*** COLLECTED MATERIAL ***

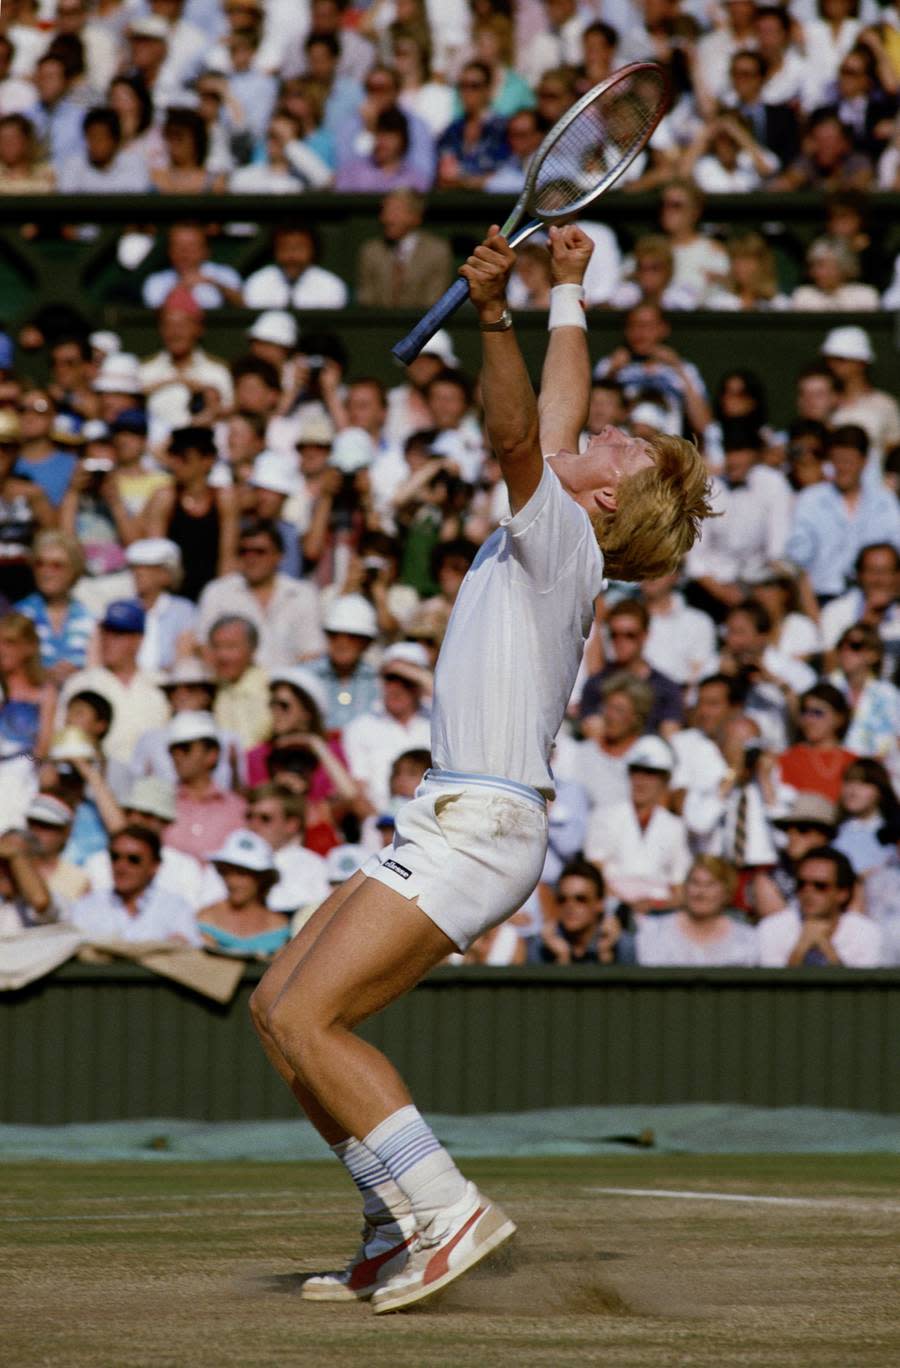 Der Einsatz zahlt sich aus: 6:3, 6:7, 7:6, 6:4. Der 17-Jährige gewinnt 1985 Wimbledon - als jüngster Spieler der Geschichte, als erster Deutscher und erster ungesetzter Profi
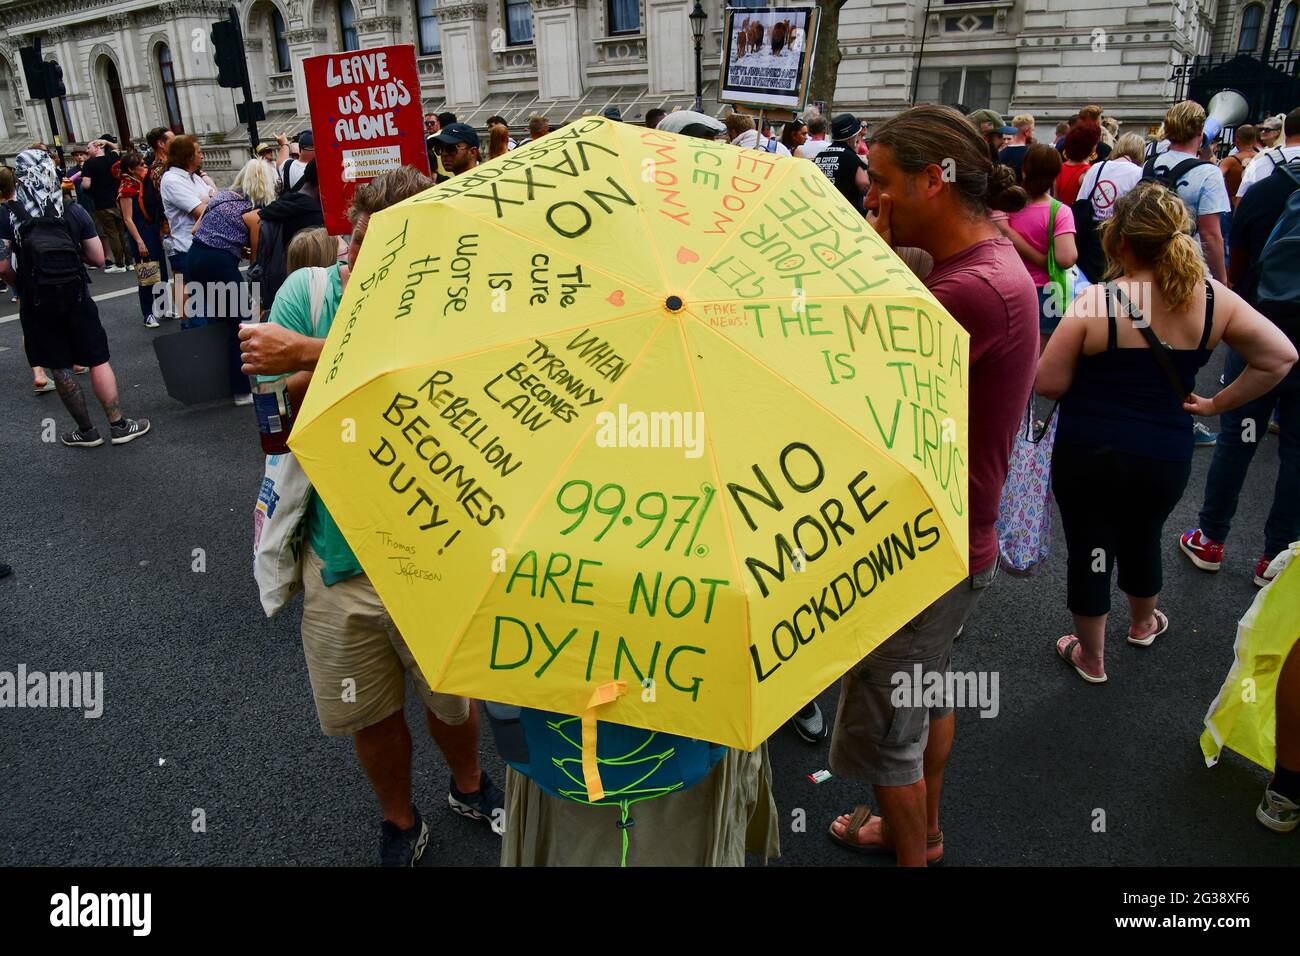 Londres, Reino Unido. 14th de junio de 2021. Los manifestantes continúan protestando hasta que Boris Johnson confirma el bloqueo retrasado hasta el 19 de julio en las afueras de Downing street el 14th de junio de 2021, Londres, Reino Unido. Crédito: Picture Capital/Alamy Live News Foto de stock
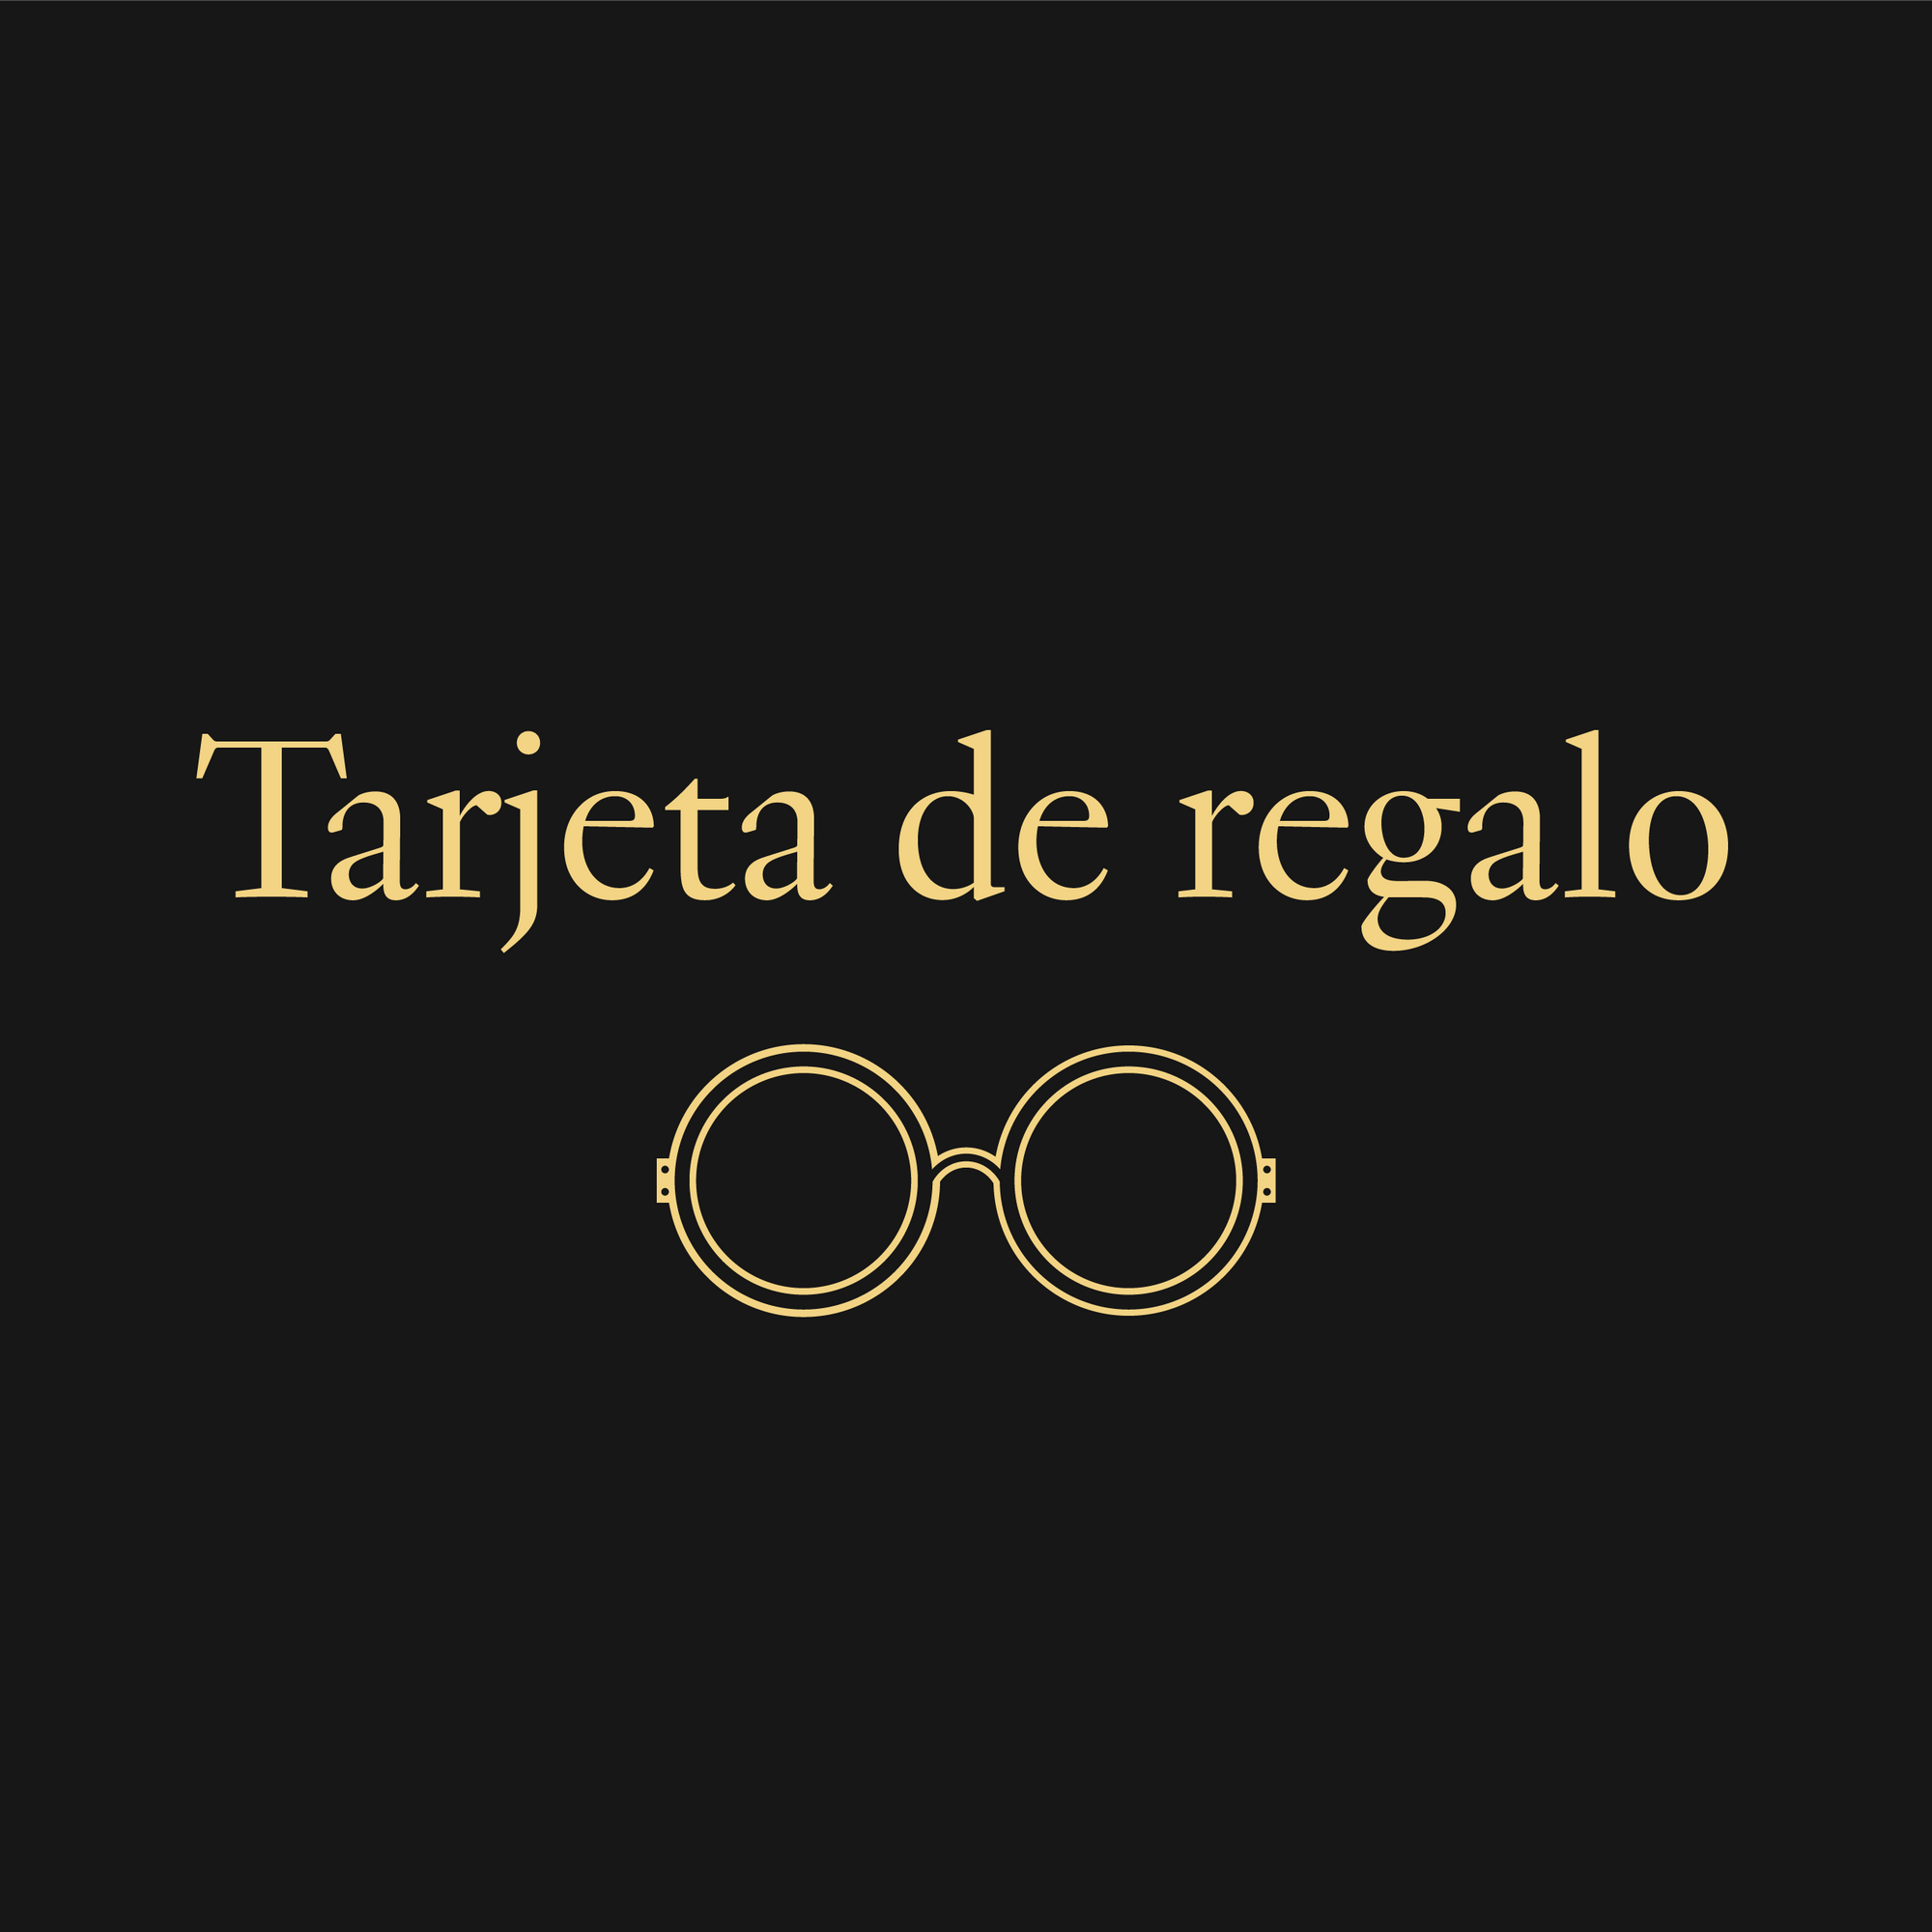 Tarjeta de Regalo

***

(EXERCISE BRIEF): The whole listing above is to be printed again exactly; pictures stay out of it.

(EXPECTED ANSWER):
 Der Einsatz zahlt sich aus: 6:3, 6:7, 7:6, 6:4. Der 17-Jährige gewinnt 1985 Wimbledon - als jüngster Spieler der Geschichte, als erster Deutscher und erster ungesetzter Profi
 Londres, Reino Unido. 14th de junio de 2021. Los manifestantes continúan protestando hasta que Boris Johnson confirma el bloqueo retrasado hasta el 19 de julio en las afueras de Downing street el 14th de junio de 2021, Londres, Reino Unido. Crédito: Picture Capital/Alamy Live News Foto de stock
 Tarjeta de Regalo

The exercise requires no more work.